Войку, сын Тудора
Шрифт:
В самом конце боя, когда бесстрашному литвину подвели уже коня, собравший последние силы насмерть раненный турок выстрелил ему в спину из арбалета. Исаак-лекарь вынул стрелу, но рана оказалась смертельной.
Жеймис обвел последним взглядом круг боевых товарищей, из которых не всех даже знал. Его глаза остановились на Войку. Под пшеничными усами литовского рыцаря обозначилась слабая улыбка.
— Мне жаль покидать вас, вельможные паны, и вас, храбрые рыцари, — произнес знаменитый воин, приподнимаясь на локтях. — Жаль уходить из войска такого воеводы, как государь Штефан. Но знаю, что лягут мои кости в землю, за которую стоял вместе с вами. А значит — в мою и вашу землю, такую же родную для меня, как берега Неманиса.
Голова Виркаса качнулась назад. Один из двоих оруженосцев бережно поддержал ее. Умирающий витязь не все еще сказал.
— Я долго шел, — продолжал пан Виркас, — за рыцарской звездой, как идете за нею сегодня вы, как завтра пойдут молодые. Не думаю, чтобы все в моей жизни было хорошо: я знал лишь коня да меч, а дороги мира запутаны и неверны, кто ищет на них истину — находит часто ложь. И поэтому, — горящие глаза литвина опять остановились на Чербуле, — и потому, наверно, не всюду отцовский меч в руках сына служил правому делу, не всегда следовал сын обету рыцаря. Видят боги, злая воля здесь ни при чем, я честно шел за рыцарской звездой всю жизнь. Но судьба не всегда обманывала неразумного солдата; и я ухожу, твердо зная, что дело, за которое дрался в последний раз, было правым, воистину рыцарским делом. Спасибо вам, друзья боевые мои, что вы стояли со мною за него.
И светлокудрый Жеймис откинулся на ложе смерти, отдавая на родном языке последние приказания оруженосцам, державшим у его изголовья любимую серебряную чашу и длинный меч.
— Он сказал — не бог, а боги, — шепнул Войку подошедшему пану Велимиру. — Что это значит, ваша милость?
— Сейчас увидишь, — тихо ответил заново перебинтованный поляк.

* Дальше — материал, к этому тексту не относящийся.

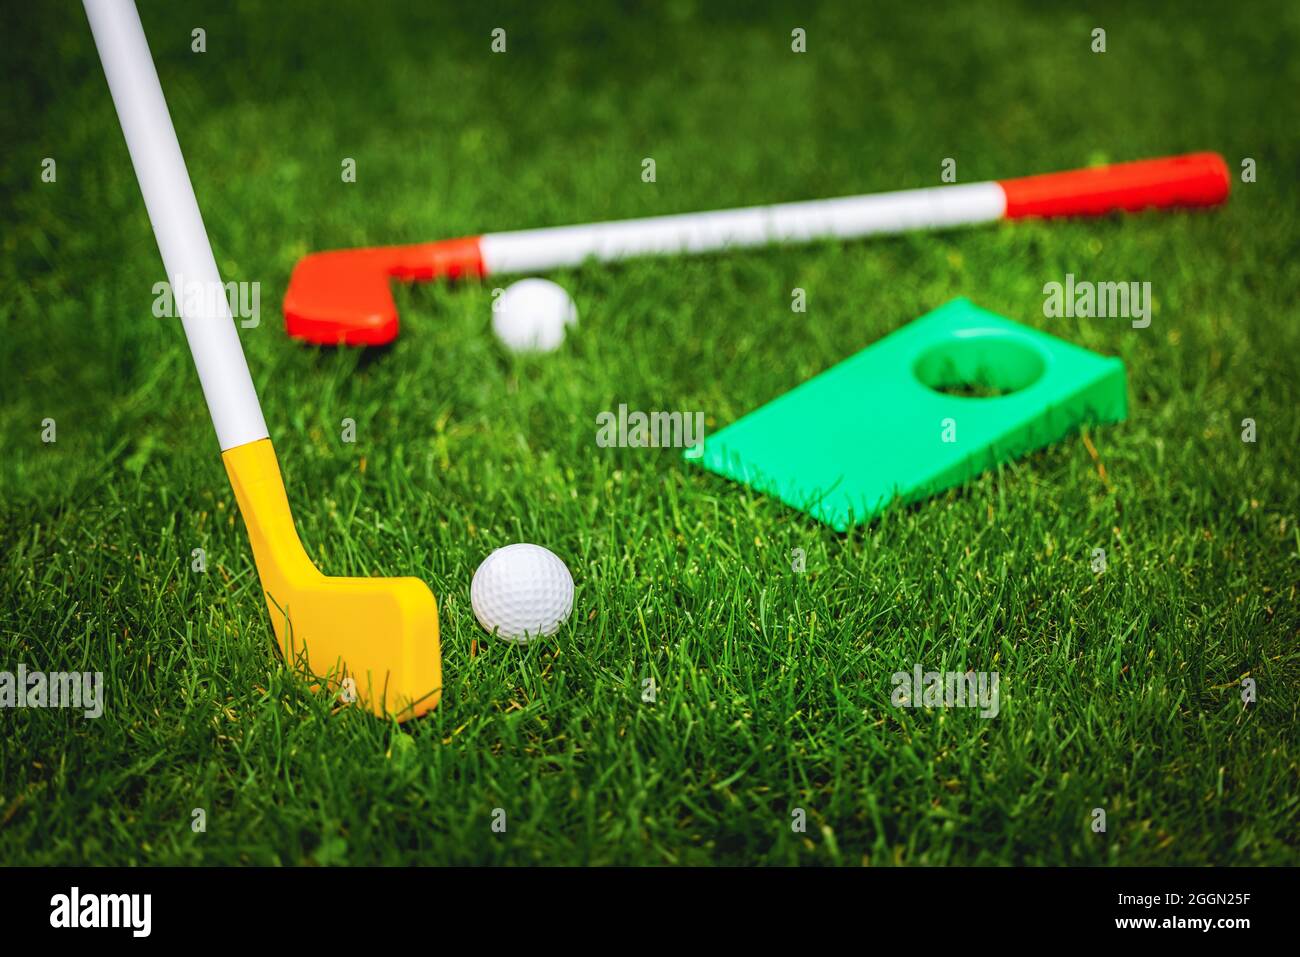 Spielzeug-Golfspiel auf grünem Gras gesetzt. Gartenspiele Stockfoto

К рыцарю, действительно, подошел с причастием высокий ксендз. Но умирающий мягким движением отвел протянутую руку патера. Виркас Жеймис неожиданно сильным голосом запел старинную литовскую песню, посвященную родным богам, и оба оруженосца поддержали господина. Потом рыцарь впал а беспамятство. Только движения сжимавшихся и разжимавшихся рук показывали, что он еще жив, хотя, возможно, уже видит Перкунаса и других небожителей родного севера.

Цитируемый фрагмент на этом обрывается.